### What is expected
From the line that contains "Un maestro apagó" through the last line of the data, copy everything exactly and nothing else, omitting the pictures.

### Data shown
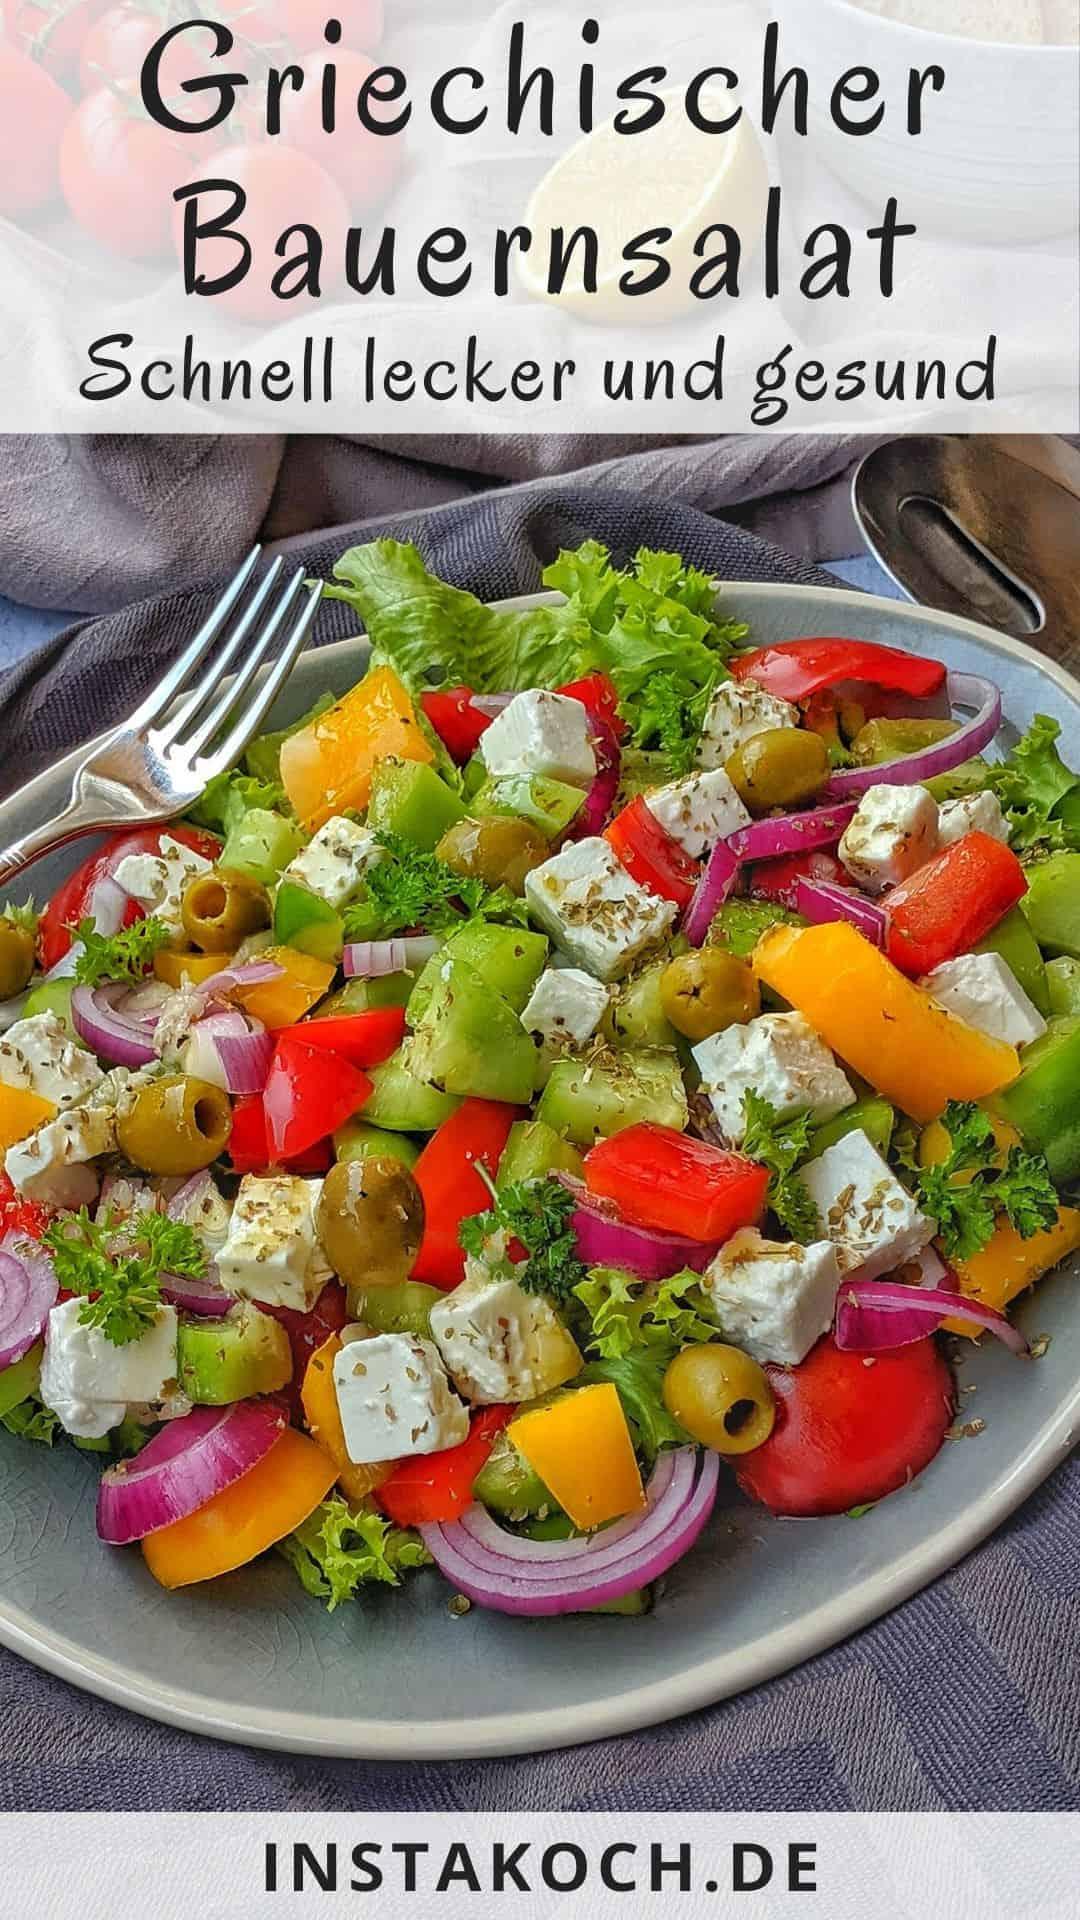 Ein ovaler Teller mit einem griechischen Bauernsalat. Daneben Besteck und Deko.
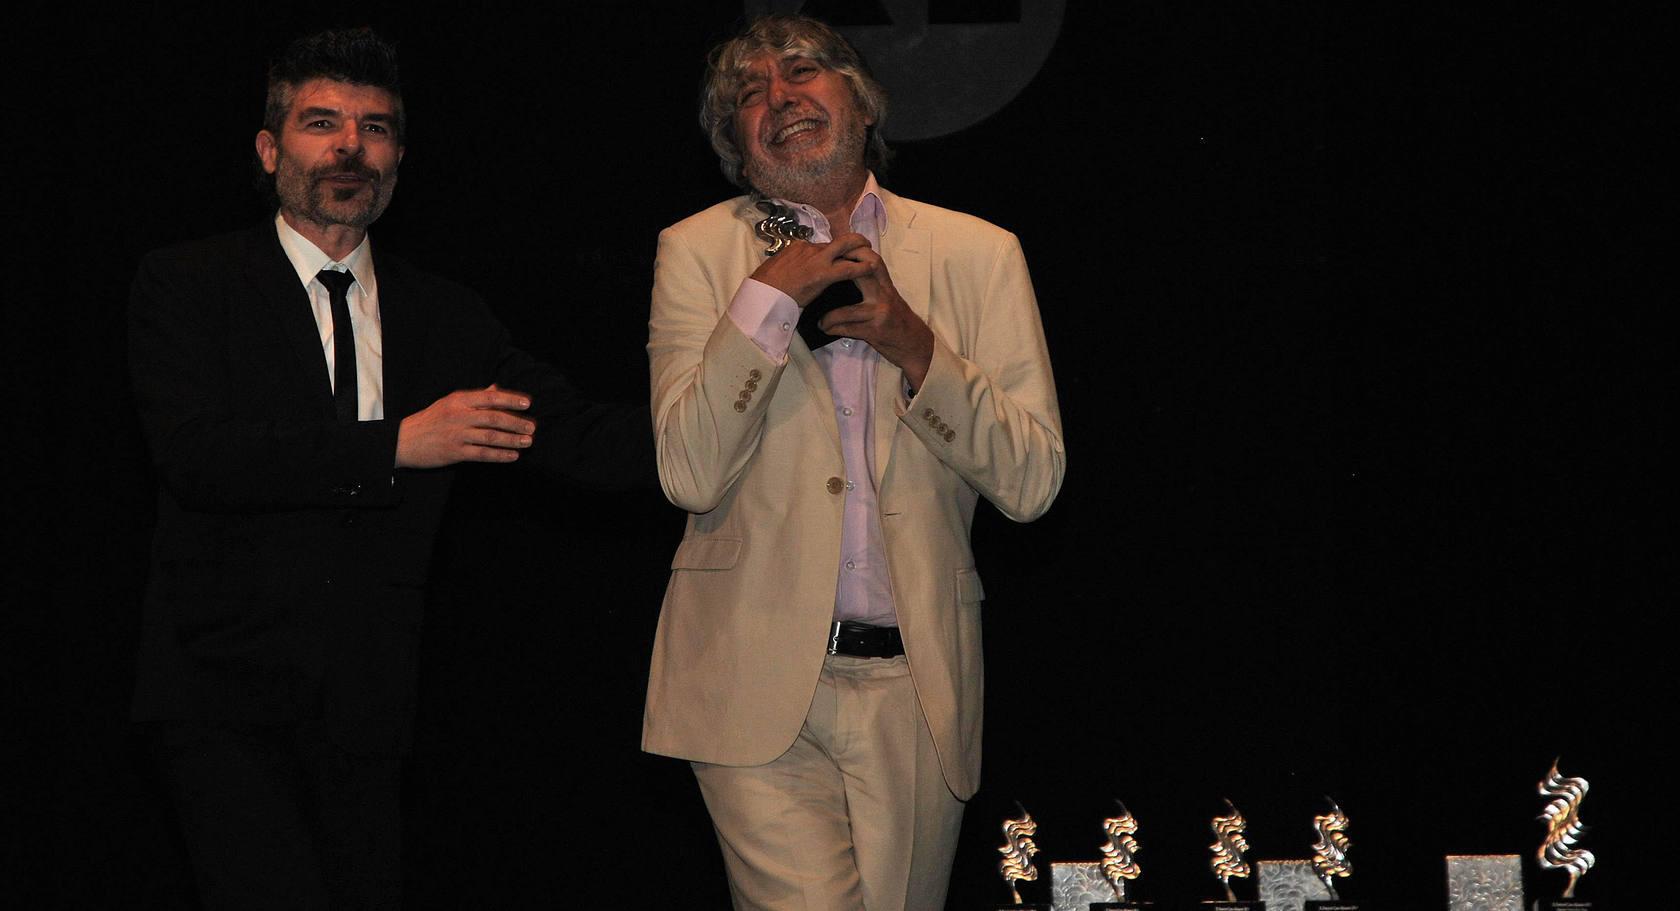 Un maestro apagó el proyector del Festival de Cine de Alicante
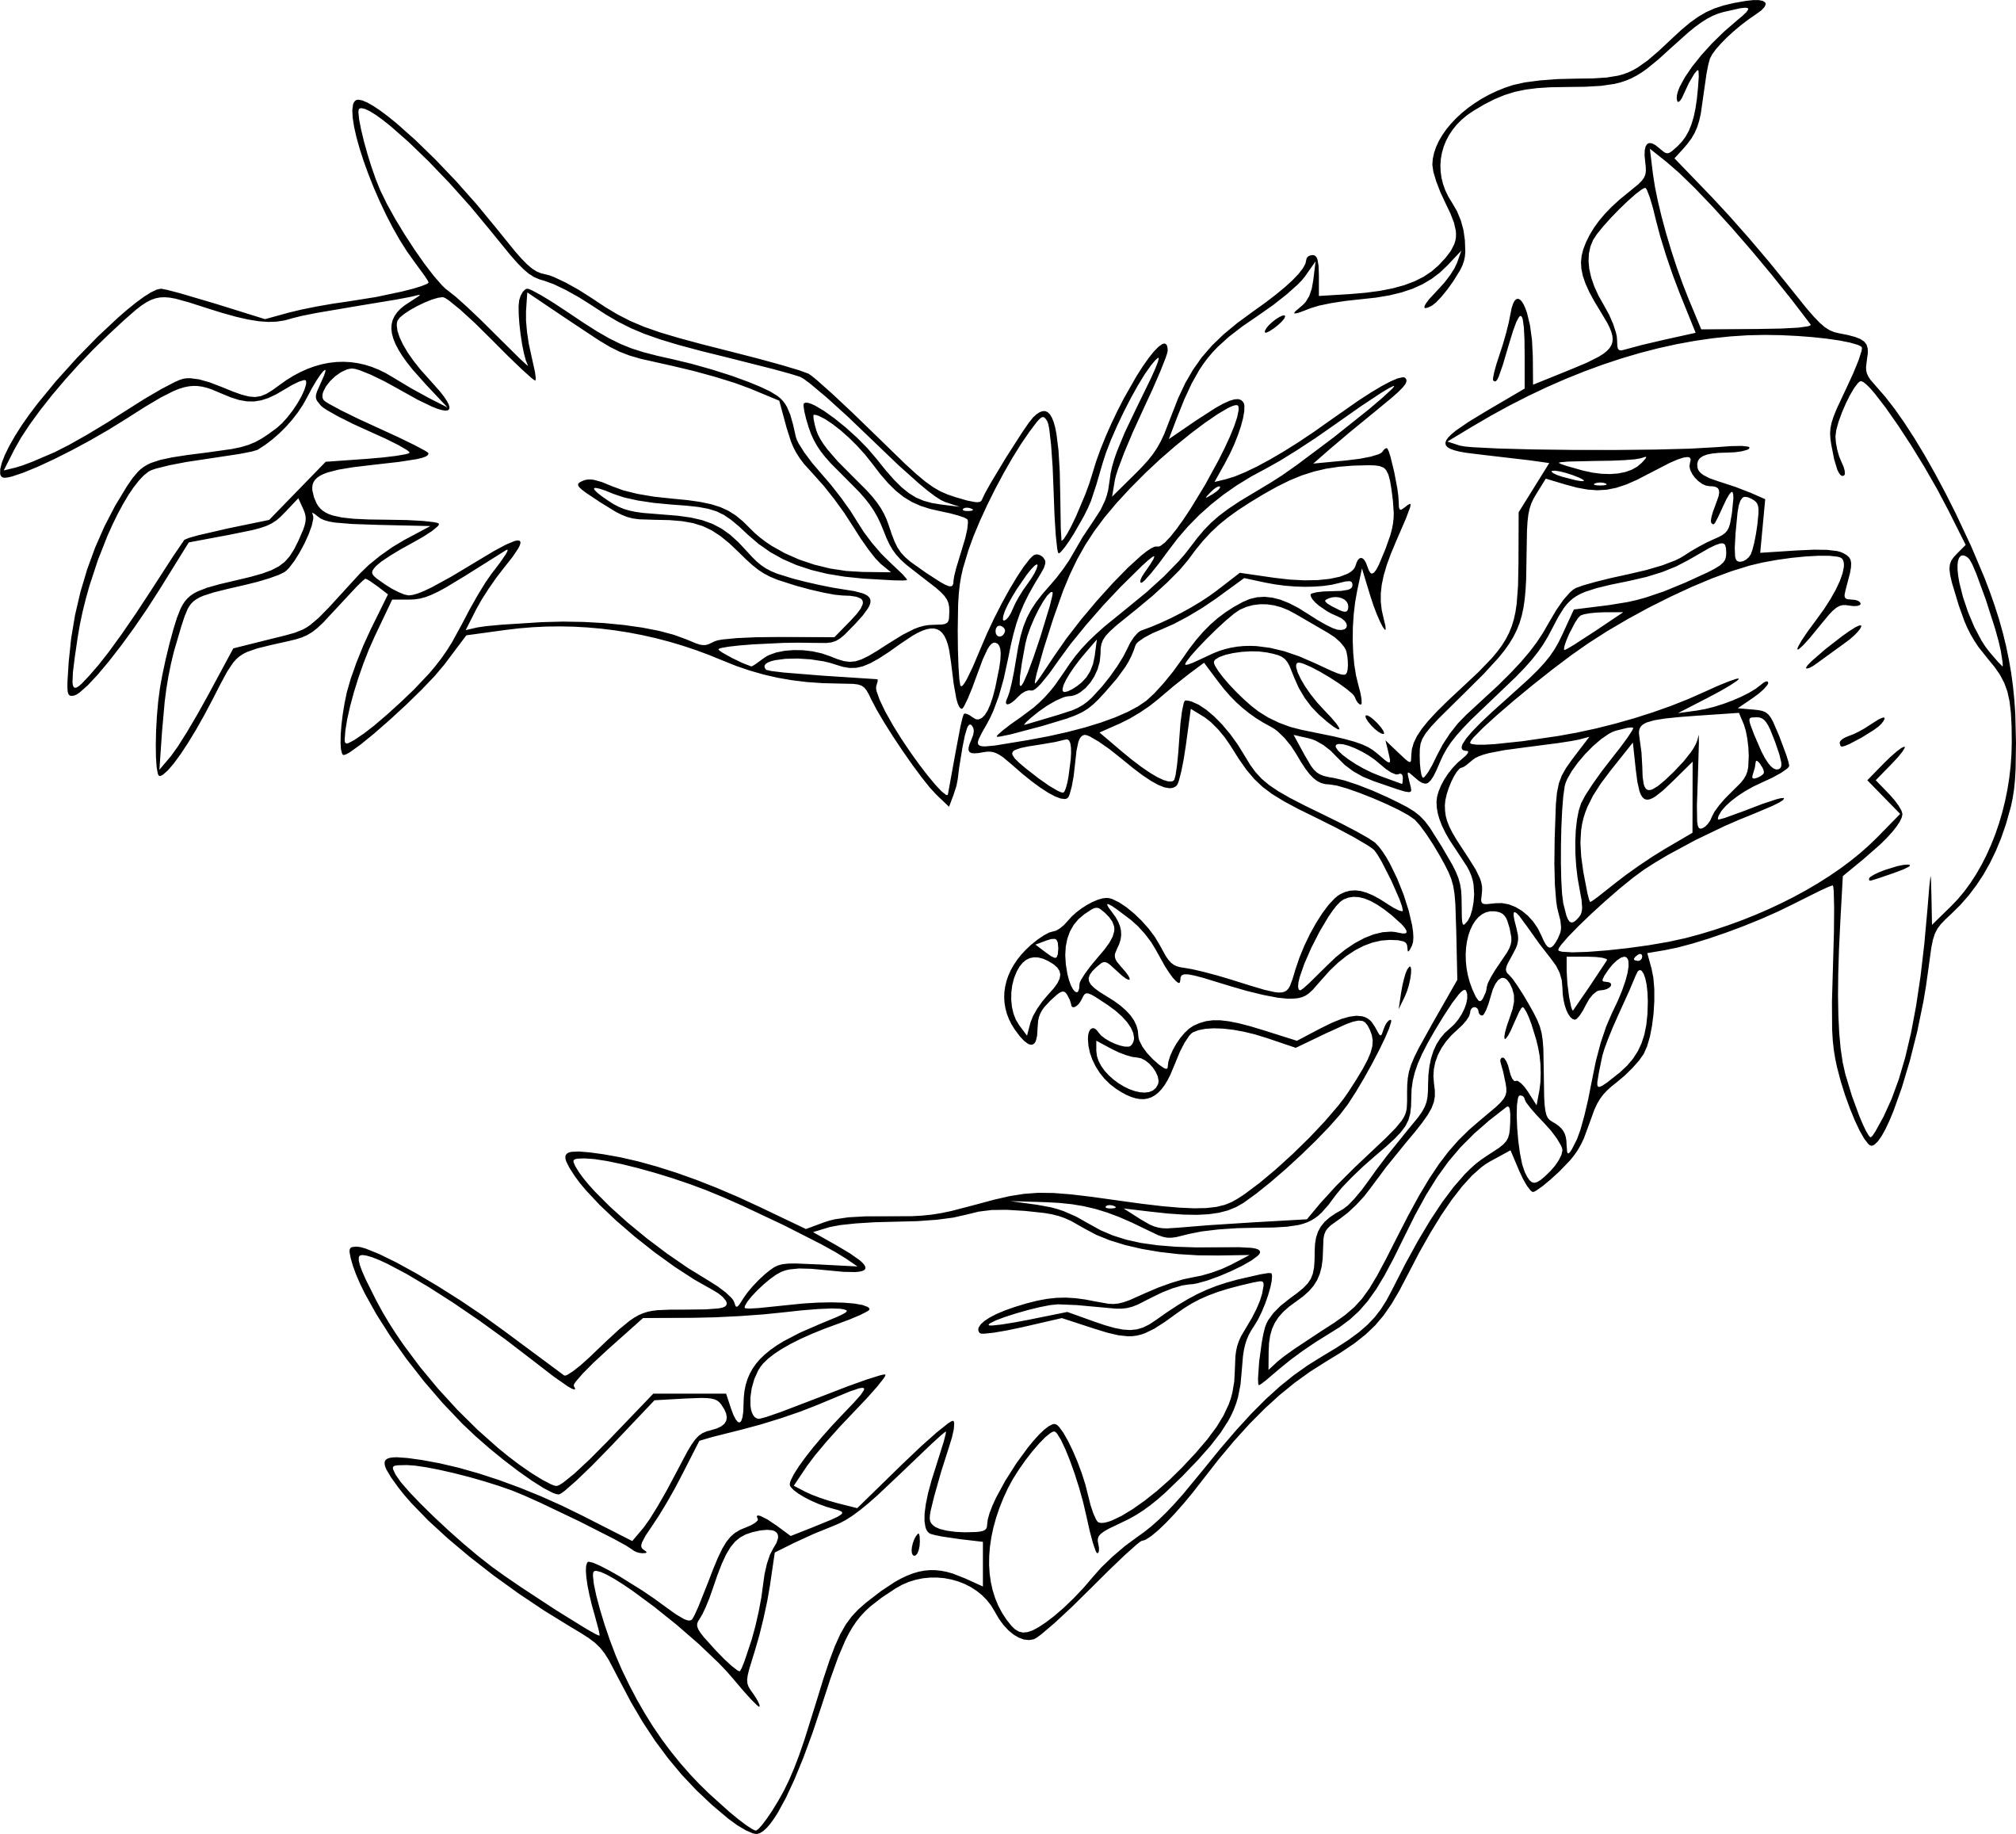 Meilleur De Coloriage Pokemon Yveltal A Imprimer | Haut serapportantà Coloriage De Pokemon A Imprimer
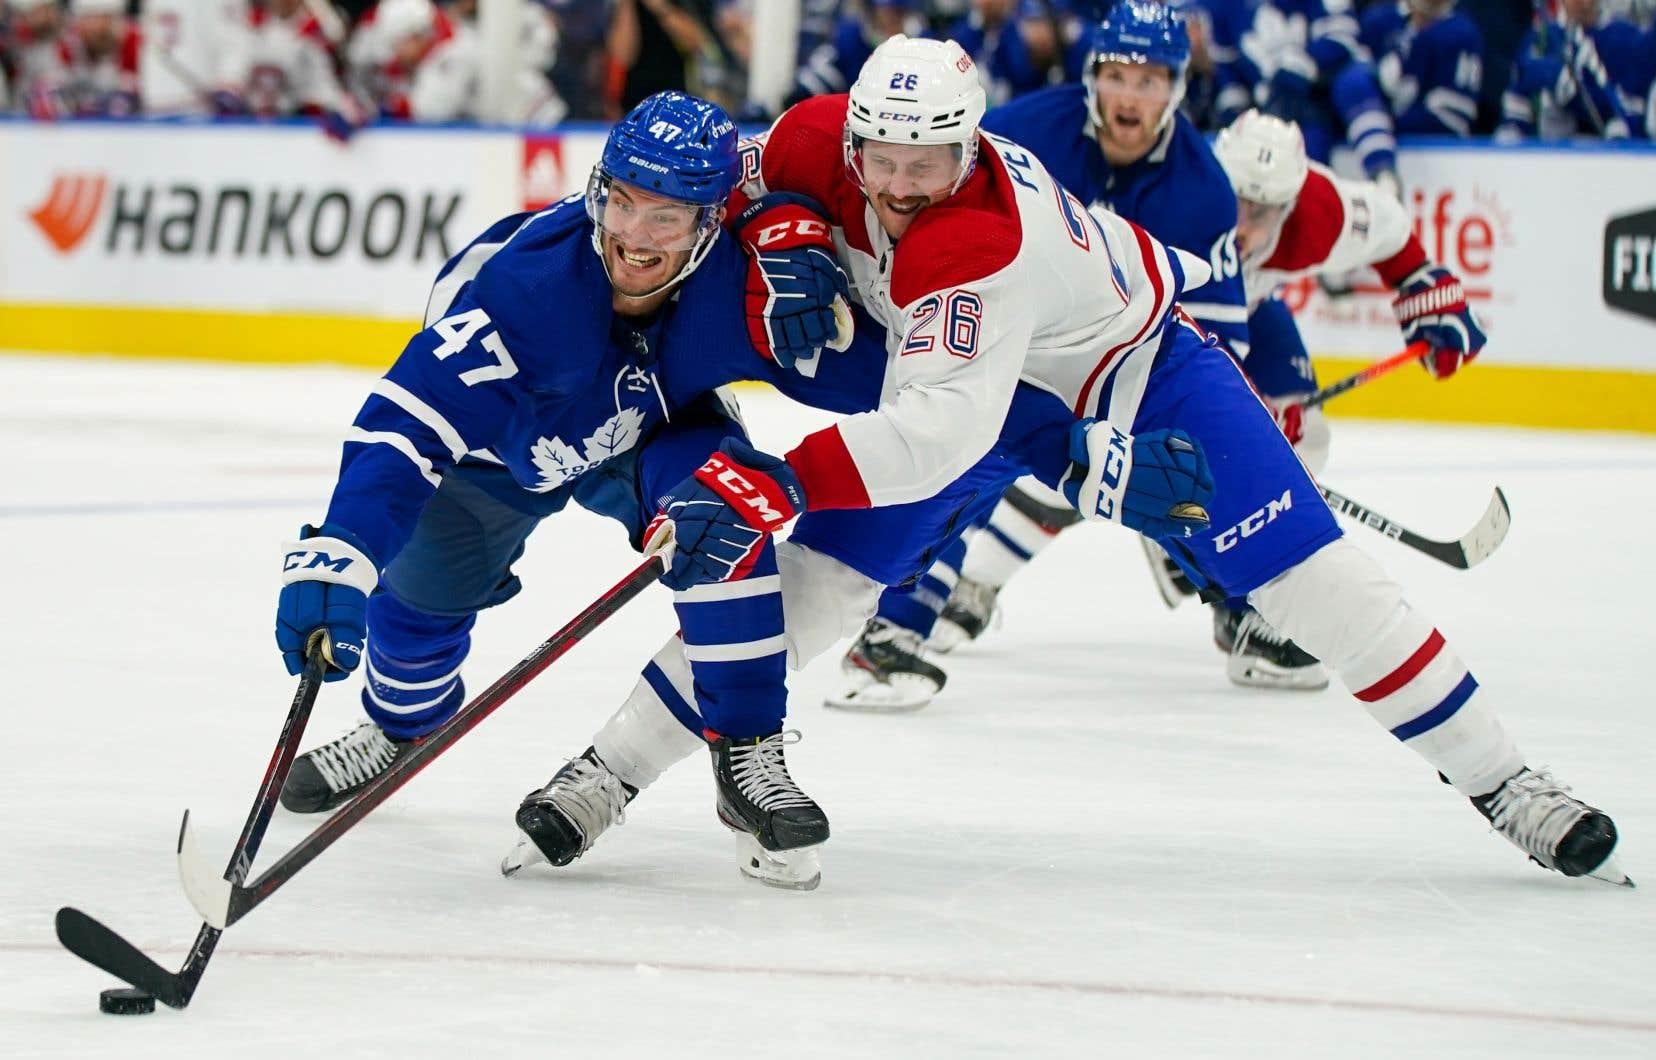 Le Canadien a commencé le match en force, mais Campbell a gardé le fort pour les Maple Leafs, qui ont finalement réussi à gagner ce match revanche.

### Task output
 Un maestro apagó el proyector del Festival de Cine de Alicante
 Meilleur De Coloriage Pokemon Yveltal A Imprimer | Haut serapportantà Coloriage De Pokemon A Imprimer
 Le Canadien a commencé le match en force, mais Campbell a gardé le fort pour les Maple Leafs, qui ont finalement réussi à gagner ce match revanche.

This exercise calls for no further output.